Insieme ai Pooh ha realizzato alcuni capisaldi della musica italiana. Forte delle esperienze vissute con la band dei record e pronto a lanciarsi in nuove avventure musicali, Roby Facchinetti ha pubblicato Symphony, in cui ricanta gli evergreen realizzati con i Pooh, ma pure pezzi composti da solista e cinque inediti. La novità? È che sono in chiave sinfonica grazie all’Orchestra Ritmico Sinfonica Italiana e alla Budapest Art Orchestra. Ma la chiacchierata con Roby tocca vari temi: dal ddl Zan ai no vax, da Sanremo alla reunion dei Pooh. Va detto che Facchinetti è uno che sa mettere a proprio agio tutti. Chiama dal suo telefono e si presenta con un «Buongiorno, sono Roby Facchinetti». Umile e simpatico. Qualche convenevole e si parte.
Roby, iniziamo subito con Symphony. Com’è partito tutto?
La scintilla è stata accesa grazie al direttore d’orchestra e amico Diego Basso: in pieno lockdown, a settembre del 2020, decise di fare un concerto al Castelfranco Veneto, davanti al castello, senza pubblico.
E poi?
Il mondo sinfonico mi ha sempre emozionato. Ce l’ho dentro da bambino perché mia mamma ascoltava musica classica e operistica tutto il giorno. Ho accettato il concerto per reagire, per cominciare a fare qualcosa anche senza pubblico, per dire che la musica c’è, esiste.
E dopo?
Alla fine ero talmente preso emotivamente che ho pensato fosse il momento giusto per realizzare il sogno di un progetto sinfonico con pezzi dei Pooh e canzoni incise da singolo, con l’aggiunta di cinque inediti. Mi sono messo a lavorare e abbiamo inciso. Sono soddisfatto per aver realizzato questo desiderio.
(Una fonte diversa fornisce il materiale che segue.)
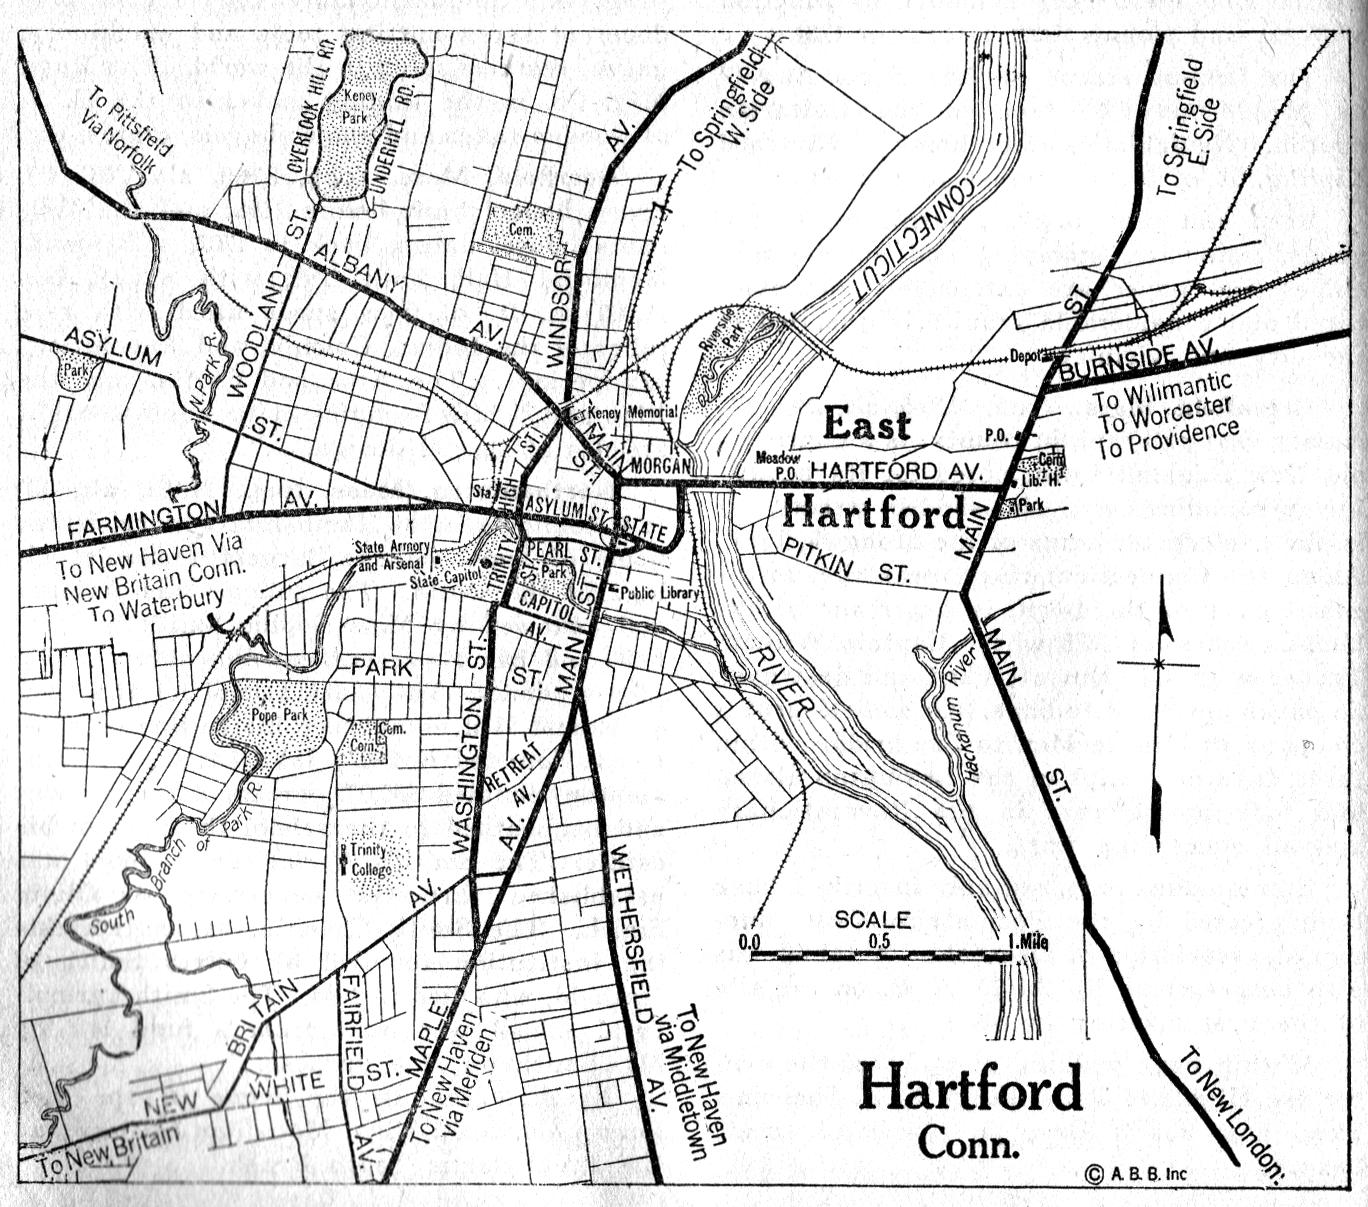 Connecticut City Maps at AmericanRoads.com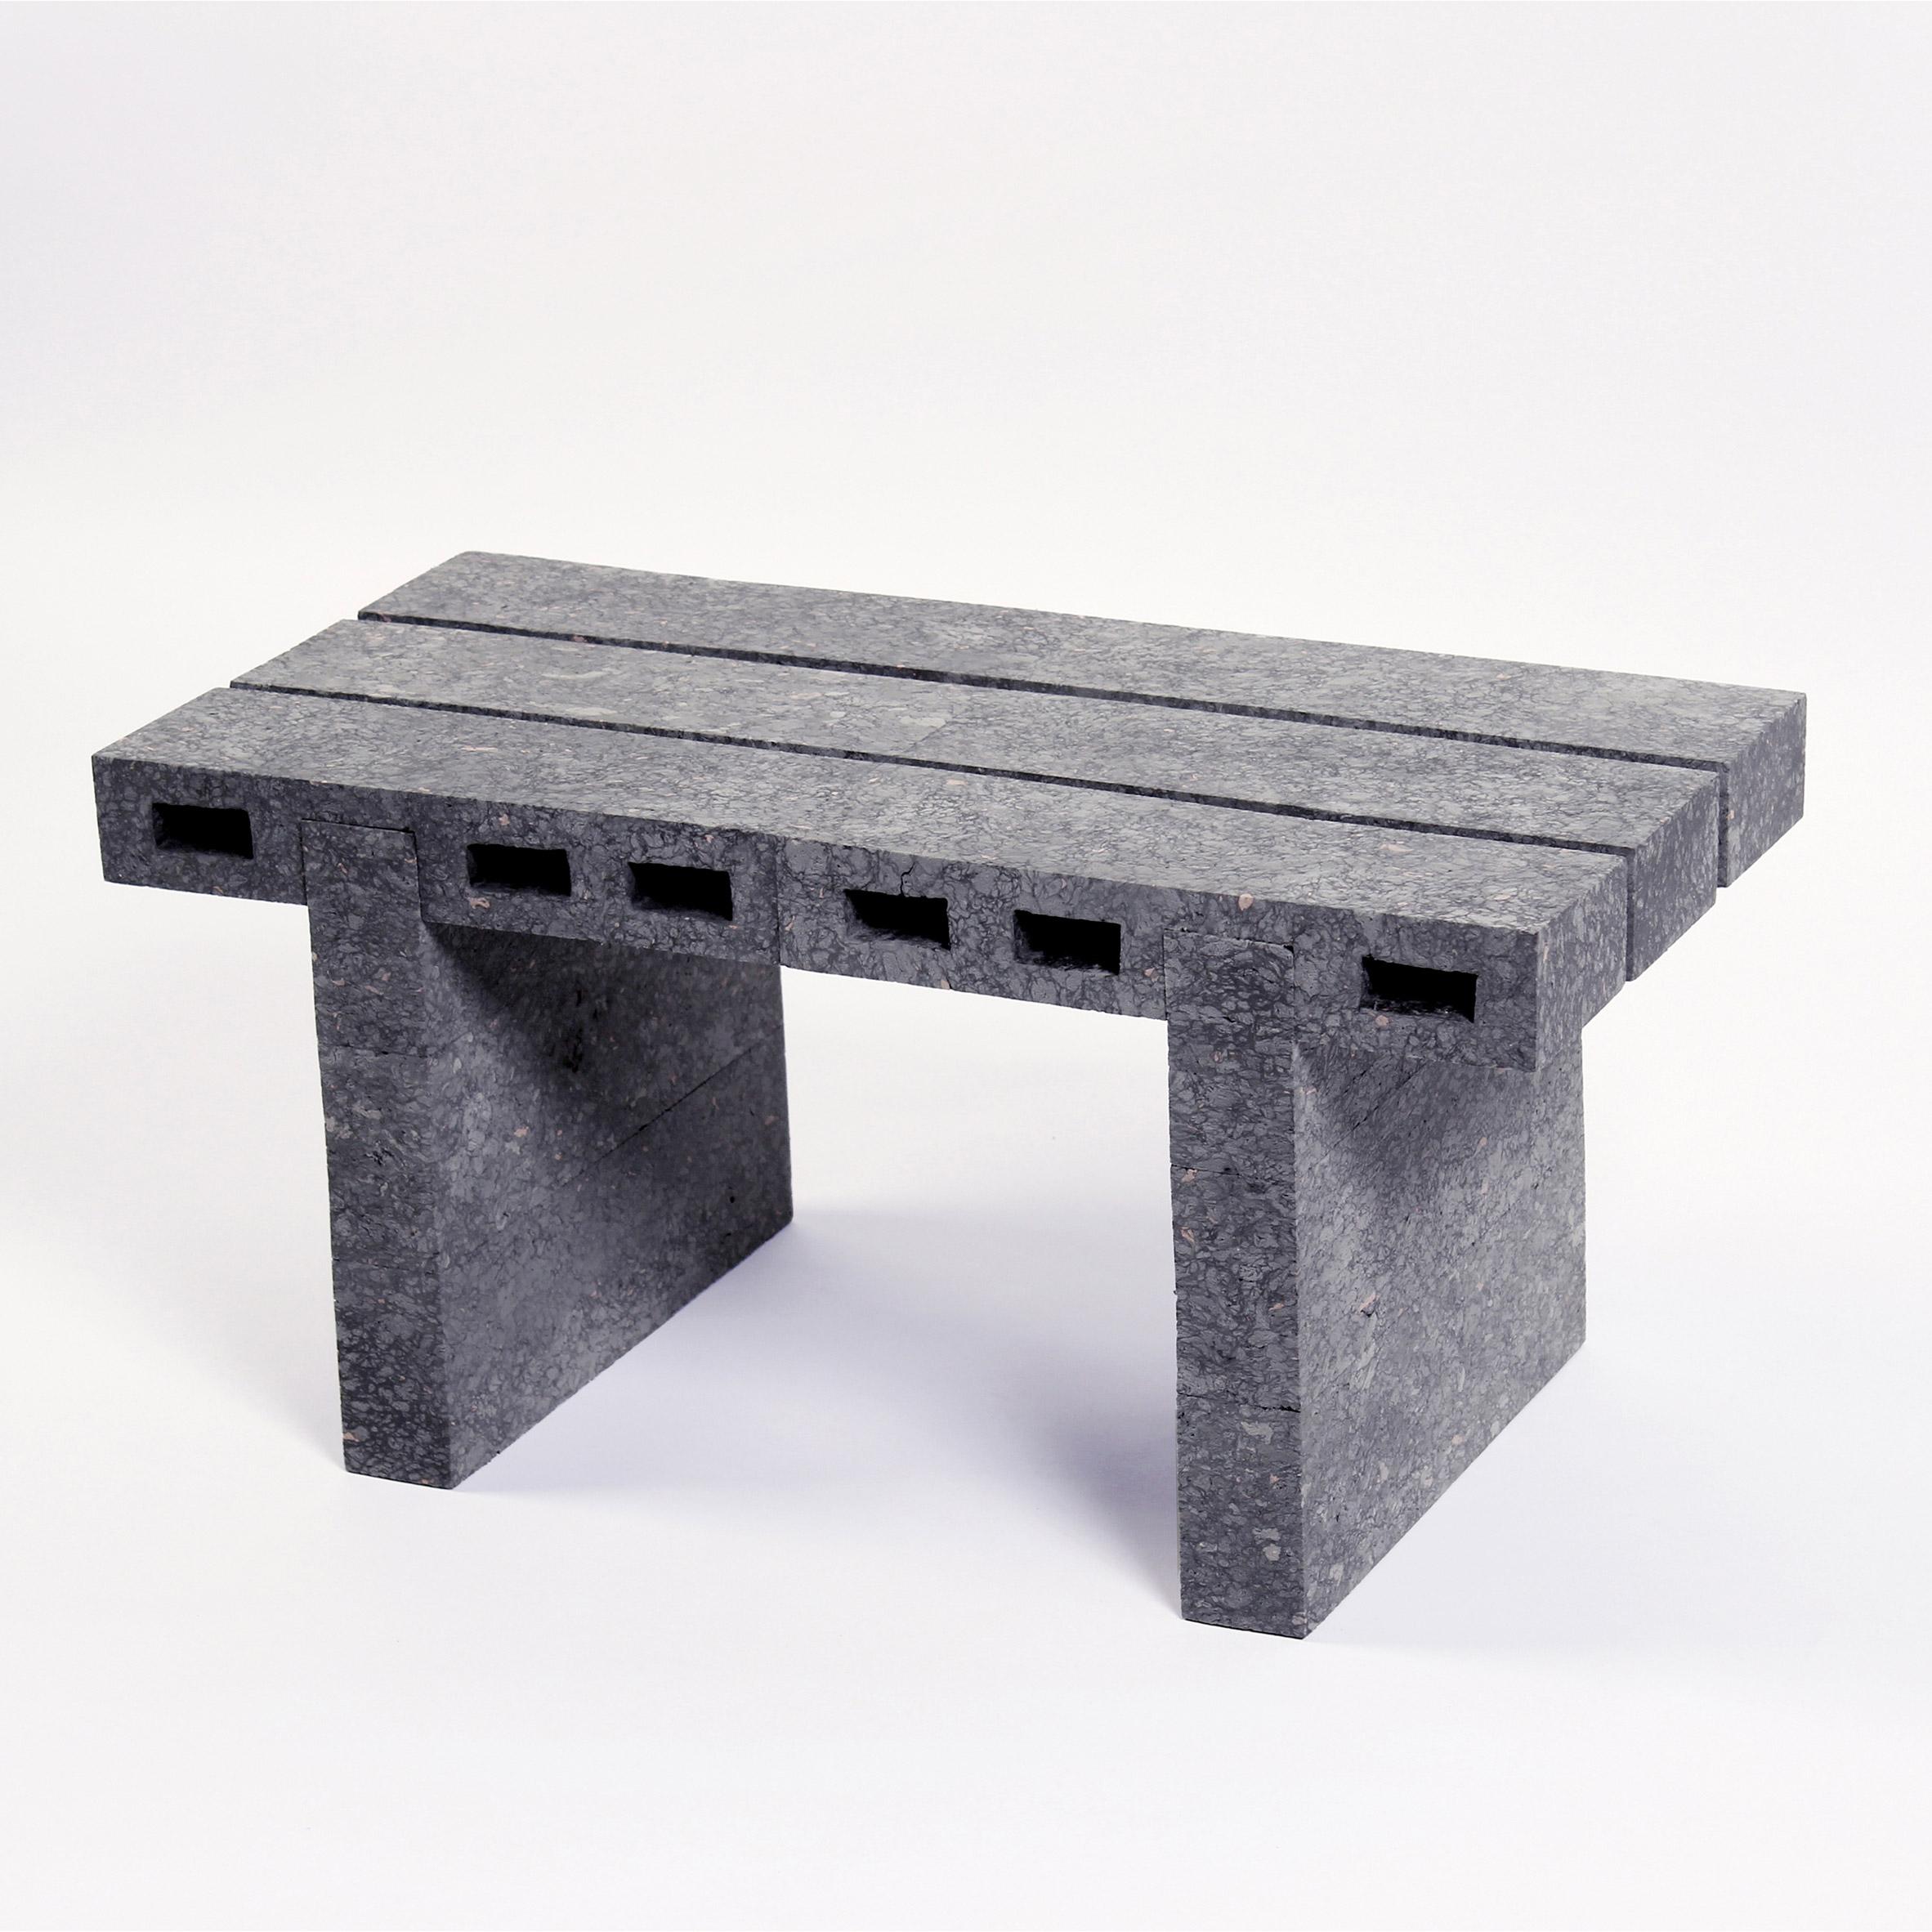 paper-bricks-woo-jai-lee-furniture-sustainable-design-furniture-dutch-design-week_dezeen_2364_col_2

Il primo singolo Uomini soli, se possibile, assume ancora di più il significato di una preghiera…
È un’invocazione: Dio delle città, dell’immensità, vedi se riesci a fare qualcosa per noi. L’orchestra sinfonica nobilita il brano, trova la propria giusta collocazione. Con la potenza sonora riesce a esprimere le corde dell’emozionalità, anche rispetto a un arrangiamento rispettoso: è come se il pezzo tornasse a casa. Uomini soli diventa più avvolgente, arriva nella sua completezza. È quello che deve essere: giunge nella giusta collocazione. Le canzoni con questa veste hanno una nuova vita.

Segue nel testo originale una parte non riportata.